This maybe a long one.. or it could be short. Gone to a therapy session with DP, we have a huge pile of issues. During our sessions I’m always try to take responsibility for my actions and how they created the situation we are now in, while DP pretty much sits there acting like he is mr perfect, the therapist even asked him if he always thinks he is right because it seems like if his opinion differs from someone else’s then it makes them wrong, of course he denied this and said he is often wrong about things. And yet he is never willing to take any real blame and just tells me that the way I am feeling isn’t normal, that all my feelings aren’t normal. That I’ve never discussed how I feel, just told him when he should do something. Example he wasn’t bonding with our DD, so I said to him you need to spend some more time with DD to bond, but I’m being told I should have sat him down and said you aren’t bonding with her.

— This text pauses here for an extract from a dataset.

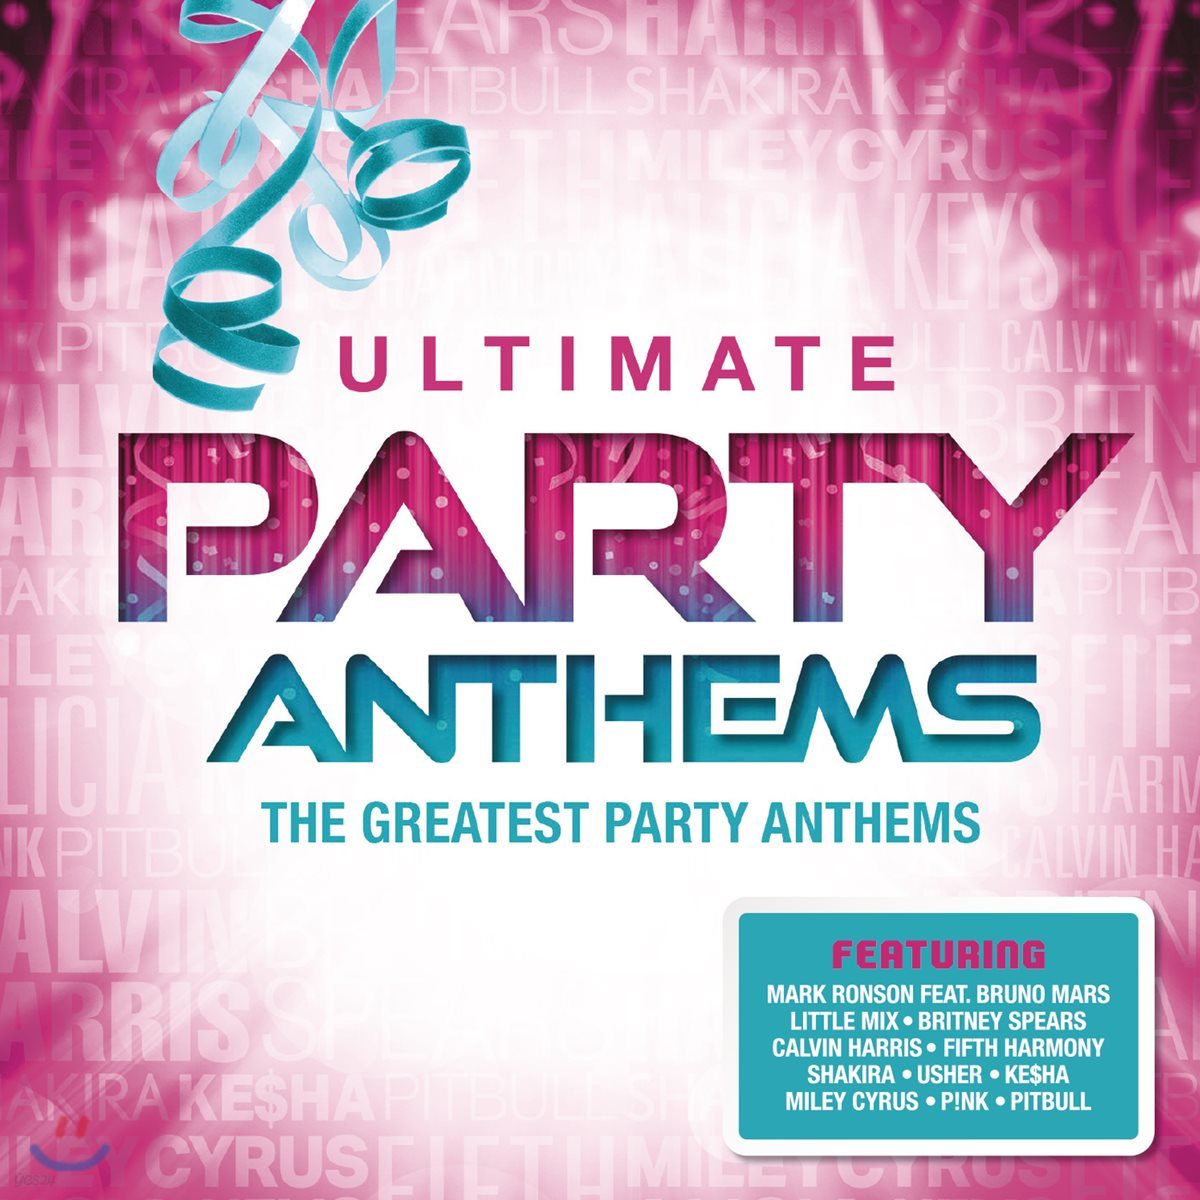 파티 음악 베스트 모음집 (The Ultimate Party Anthems : The Greatest Music For Party)

So I failed there. Then because I told P he needs to do more around the flat I get told that I need to put DD (she is under 1) into nursery because I need time to myself as I’d be able to keep on top of the household chores. Pretty much being told that I am the problem, I need to get over it.
Then I get to my mums where my sister has been looking after DD for DM to tell me DD had been crying on and off for an hour for me. That I need to leave her alone more often as she has seperation anxiety, but I do, and get told this over and over. So not only failed in my relationship but also failed my DD it would seem.
logically I know I haven’t but boy do I feel shit having everyone tell me how shit I am being.